Description of the task: Search the material for the word "bowl" and copy each line that holds it.
========================
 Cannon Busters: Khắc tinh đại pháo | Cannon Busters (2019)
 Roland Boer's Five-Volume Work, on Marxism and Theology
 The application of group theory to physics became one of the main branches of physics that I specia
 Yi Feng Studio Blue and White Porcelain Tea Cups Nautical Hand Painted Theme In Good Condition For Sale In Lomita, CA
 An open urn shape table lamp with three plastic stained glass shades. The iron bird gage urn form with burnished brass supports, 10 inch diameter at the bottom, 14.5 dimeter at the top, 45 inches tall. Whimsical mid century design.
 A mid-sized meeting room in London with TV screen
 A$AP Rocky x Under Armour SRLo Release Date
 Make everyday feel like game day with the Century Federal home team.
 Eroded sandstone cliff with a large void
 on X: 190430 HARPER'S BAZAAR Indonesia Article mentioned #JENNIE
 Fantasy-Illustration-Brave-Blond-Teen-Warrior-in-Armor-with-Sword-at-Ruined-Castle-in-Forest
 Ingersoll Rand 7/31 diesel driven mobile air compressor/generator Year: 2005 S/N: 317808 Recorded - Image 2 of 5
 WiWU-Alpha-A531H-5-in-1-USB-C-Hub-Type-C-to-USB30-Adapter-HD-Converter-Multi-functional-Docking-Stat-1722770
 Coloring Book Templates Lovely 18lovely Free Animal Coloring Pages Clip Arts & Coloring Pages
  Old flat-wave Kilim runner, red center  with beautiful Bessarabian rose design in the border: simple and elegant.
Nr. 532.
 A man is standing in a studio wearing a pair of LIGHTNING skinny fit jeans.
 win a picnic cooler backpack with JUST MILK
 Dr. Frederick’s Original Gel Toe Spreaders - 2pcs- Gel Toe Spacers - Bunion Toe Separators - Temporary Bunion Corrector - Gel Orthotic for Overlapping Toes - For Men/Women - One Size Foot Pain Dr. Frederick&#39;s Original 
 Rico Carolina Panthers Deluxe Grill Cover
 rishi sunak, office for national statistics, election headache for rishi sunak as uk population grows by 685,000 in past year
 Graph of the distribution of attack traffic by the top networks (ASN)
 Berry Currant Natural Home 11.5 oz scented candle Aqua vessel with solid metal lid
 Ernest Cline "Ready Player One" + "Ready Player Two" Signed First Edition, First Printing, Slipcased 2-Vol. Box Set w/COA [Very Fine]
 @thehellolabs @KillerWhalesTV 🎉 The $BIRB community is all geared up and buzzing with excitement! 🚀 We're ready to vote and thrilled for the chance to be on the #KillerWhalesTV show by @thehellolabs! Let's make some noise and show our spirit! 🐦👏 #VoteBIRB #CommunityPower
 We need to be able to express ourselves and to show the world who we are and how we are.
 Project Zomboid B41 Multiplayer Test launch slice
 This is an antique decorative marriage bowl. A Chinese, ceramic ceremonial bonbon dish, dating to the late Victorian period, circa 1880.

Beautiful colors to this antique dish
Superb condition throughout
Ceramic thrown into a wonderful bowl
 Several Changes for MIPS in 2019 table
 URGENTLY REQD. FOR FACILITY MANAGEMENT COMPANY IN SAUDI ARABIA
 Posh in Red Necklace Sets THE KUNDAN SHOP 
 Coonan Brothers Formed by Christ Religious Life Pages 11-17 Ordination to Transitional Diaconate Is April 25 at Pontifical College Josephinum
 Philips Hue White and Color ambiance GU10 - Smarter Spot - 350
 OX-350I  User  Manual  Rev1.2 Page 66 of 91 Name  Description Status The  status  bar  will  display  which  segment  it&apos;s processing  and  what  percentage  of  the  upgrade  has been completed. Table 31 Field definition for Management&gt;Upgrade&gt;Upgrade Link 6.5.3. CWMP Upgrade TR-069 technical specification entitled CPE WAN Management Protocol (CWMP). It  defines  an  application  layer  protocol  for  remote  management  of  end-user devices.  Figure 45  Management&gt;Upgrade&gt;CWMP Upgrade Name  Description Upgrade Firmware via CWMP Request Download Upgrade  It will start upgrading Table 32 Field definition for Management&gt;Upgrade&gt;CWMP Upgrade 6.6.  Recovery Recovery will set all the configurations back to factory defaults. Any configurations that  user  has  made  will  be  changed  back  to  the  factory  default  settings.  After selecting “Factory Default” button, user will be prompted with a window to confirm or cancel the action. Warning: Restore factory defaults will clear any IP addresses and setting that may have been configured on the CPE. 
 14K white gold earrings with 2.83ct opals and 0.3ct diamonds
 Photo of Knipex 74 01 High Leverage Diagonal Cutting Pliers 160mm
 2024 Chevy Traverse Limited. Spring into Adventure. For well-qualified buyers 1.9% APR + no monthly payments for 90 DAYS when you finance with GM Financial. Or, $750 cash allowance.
========================
Response to this task:
 This is an antique decorative marriage bowl. A Chinese, ceramic ceremonial bonbon dish, dating to the late Victorian period, circa 1880.
Ceramic thrown into a wonderful bowl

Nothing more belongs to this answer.